Objective To analyze the clinical effect of fluoxetine in the treatment of patients with post-cerebral infarction depression ( PSD) and its influence on neurological rehabilitation.Methods From February 2017 to February 2018,92 PSD patients received treatment in the department of neurology of the Third People 's Hospital of Quzhou were included in the study.The patients were randomly divided into two groups according to the digital table , with 46 cases in each group.The control group was treated with specialist symptomatic therapy ,while the study group was treated with fluoxetine intervention for 4 weeks.The Hamilton anxiety scale (HAMD),neurological deficit scale (NIHSS) and daily living capacity scale (ADL) were used to evaluate the clinical effects of the two groups ,and the adverse reactions of the two groups were observed.Results One week before treatment,the HAMD,NIHSS and ADL scores of the study group were (28.37 ±2.18)points,(23.10 ±3.16)points and (40.61 ±3.52)points,respectively, which of the control group were (28.30 ±2.24)points,(22.91 ±3.20)points and (41.15 ±3.35)points,respectively, there were no statistically significant differences between the two groups (t=0.223,1.522,0.761,all P>0.05).

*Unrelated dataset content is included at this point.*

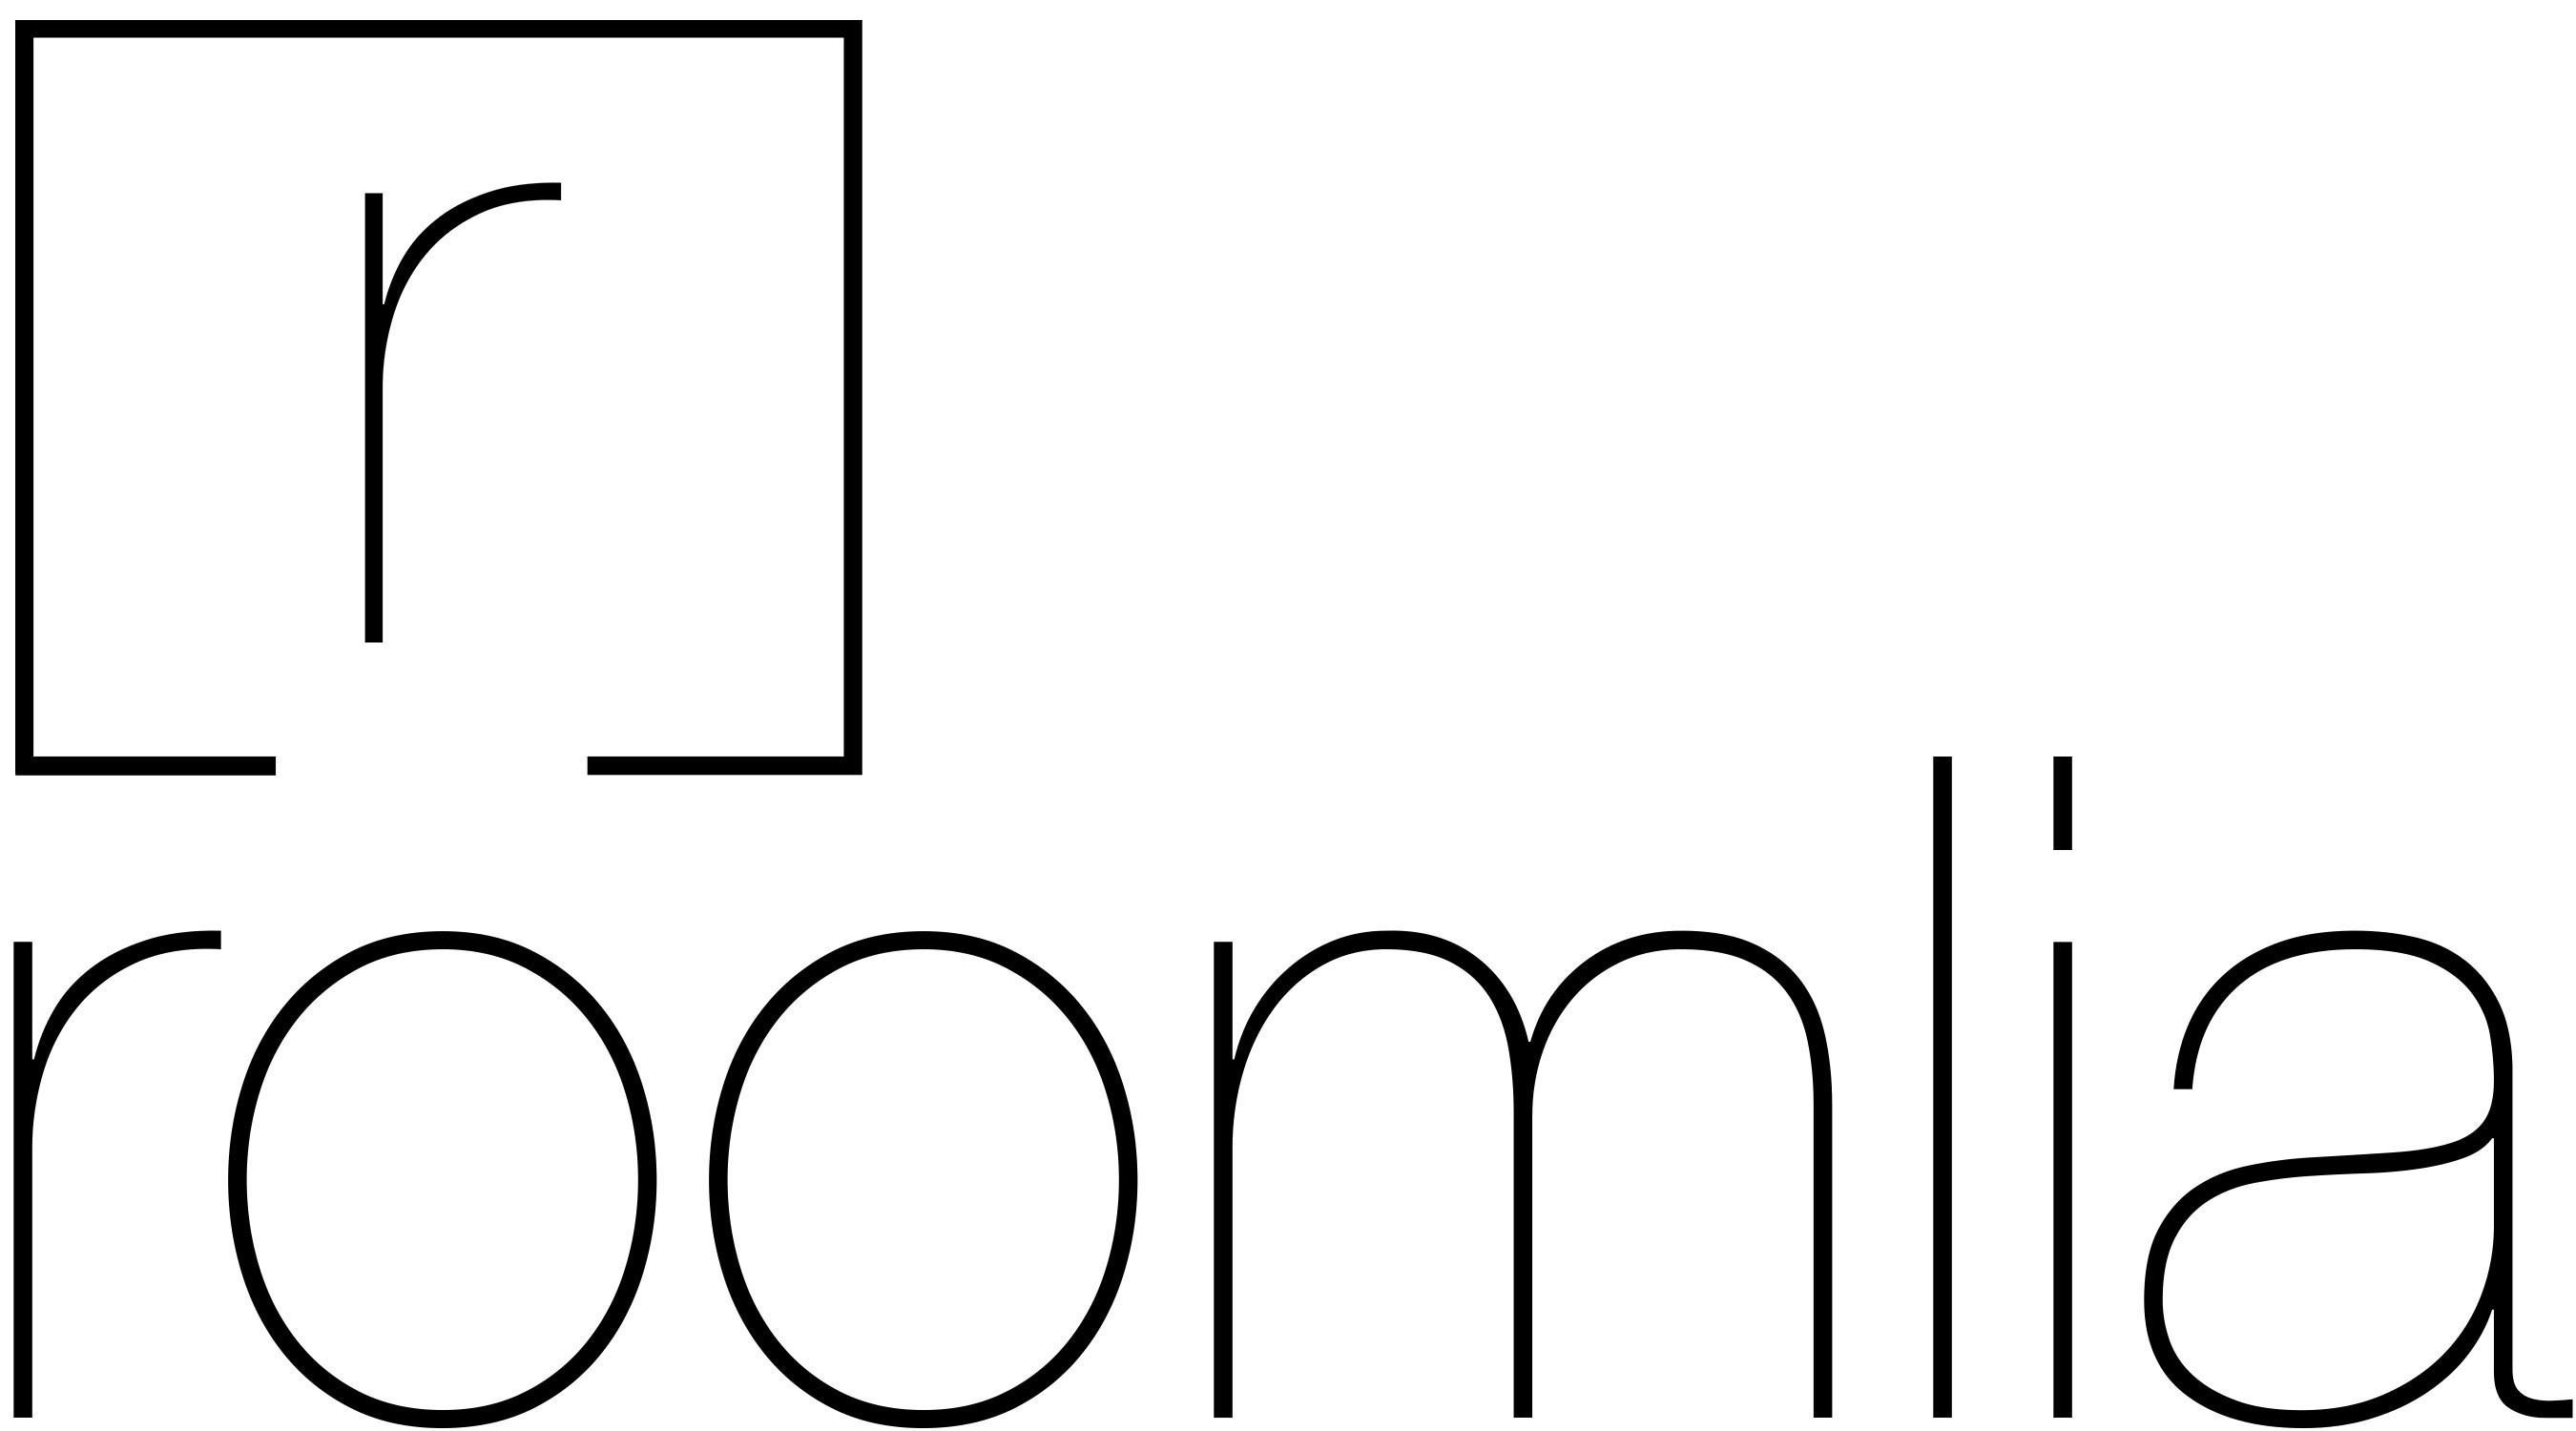 roomlia(R) - A Remark Media Company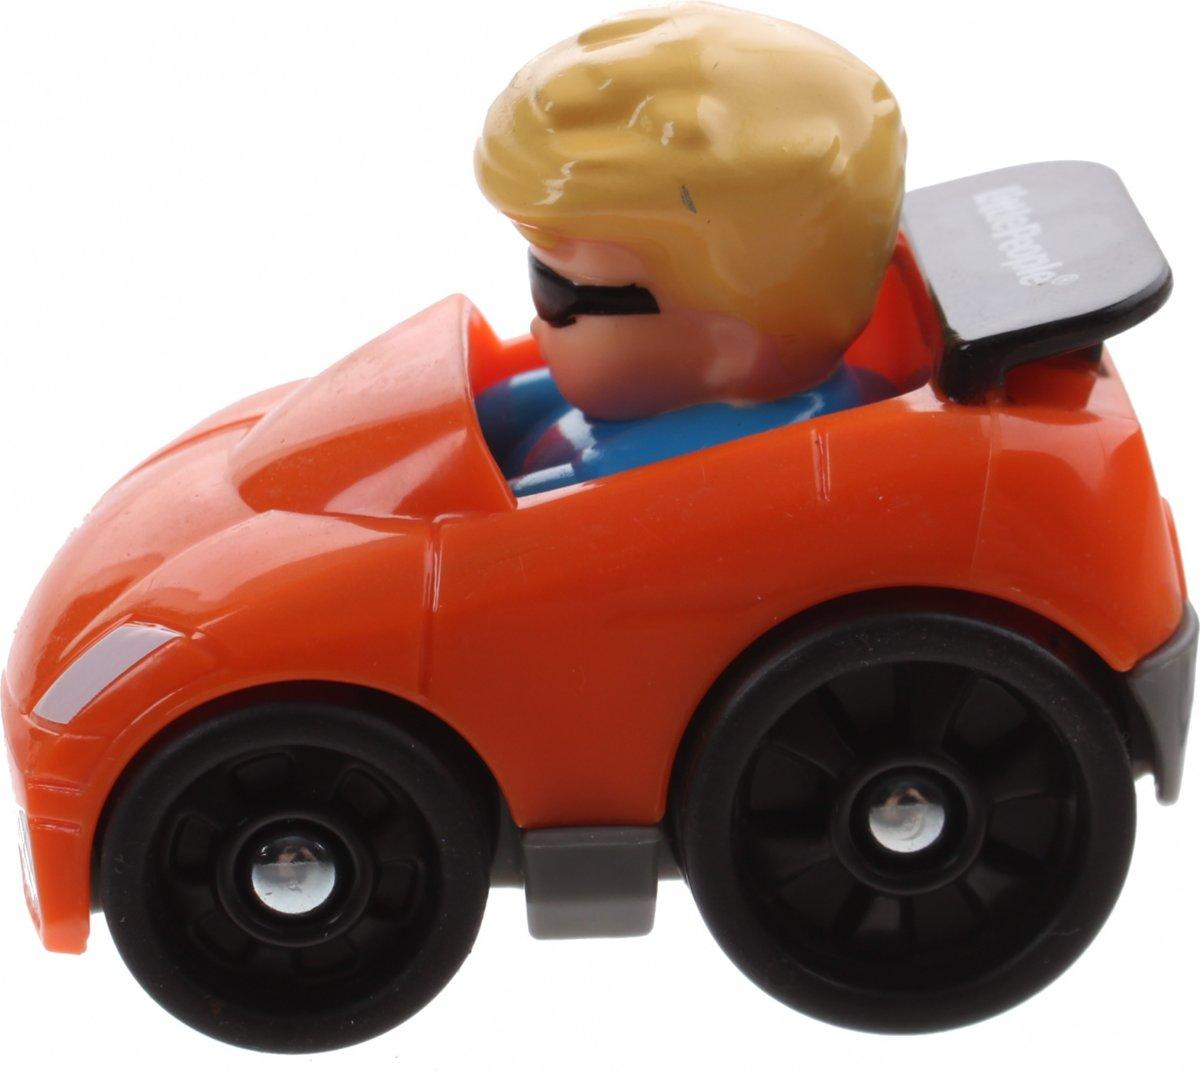 Fisher-price Little People Wheelies Auto 6,5 Cm Oranje (bgc64)

After 2 weeks of treatment ,the HAMD,NIHSS and ADL scores of the study group were (21.08 ±2.33) points, (19.27 ±2.89) points and (49.26 ±2.88) points,respectively,which were higher than those of the control group [(24.15 ±2.43)points,(21.16 ±2.18)points,(44.26 ±2.54)points](t=4.384,10.216,8.276,all P<0.05). After 4 weeks of treatment ,the HAMD,NIHSS and ADL scores of the study group were (12.61 ±1.87) points, (10.12 ±1.30 ) points, (70.13 ±2.16) points, respectively, which were higher than those of the control group [(15.20 ±2.06)points,(17.45 ±2.66)points,(51.19 ±2.46)points](t=7.273,18.283,5.371,all P<0.05). The total effective rate of neurological recovery in the study group was 91.30%(42/46),the total effective rate of depression treatment was 84.78%(39/46),which in the control group were 76.09%(35/46) and 65.22%(30/46),respectively,the differences were statistically significant (χ2 =3.903,4.696,all P<0.05).Conclusion The application of fluoxetine in the treatment of PSD can effectively improve the patients 'depressive symptoms,promote the recovery of neurological function ,improve self-care ability,and has high safety.It has important clinical value.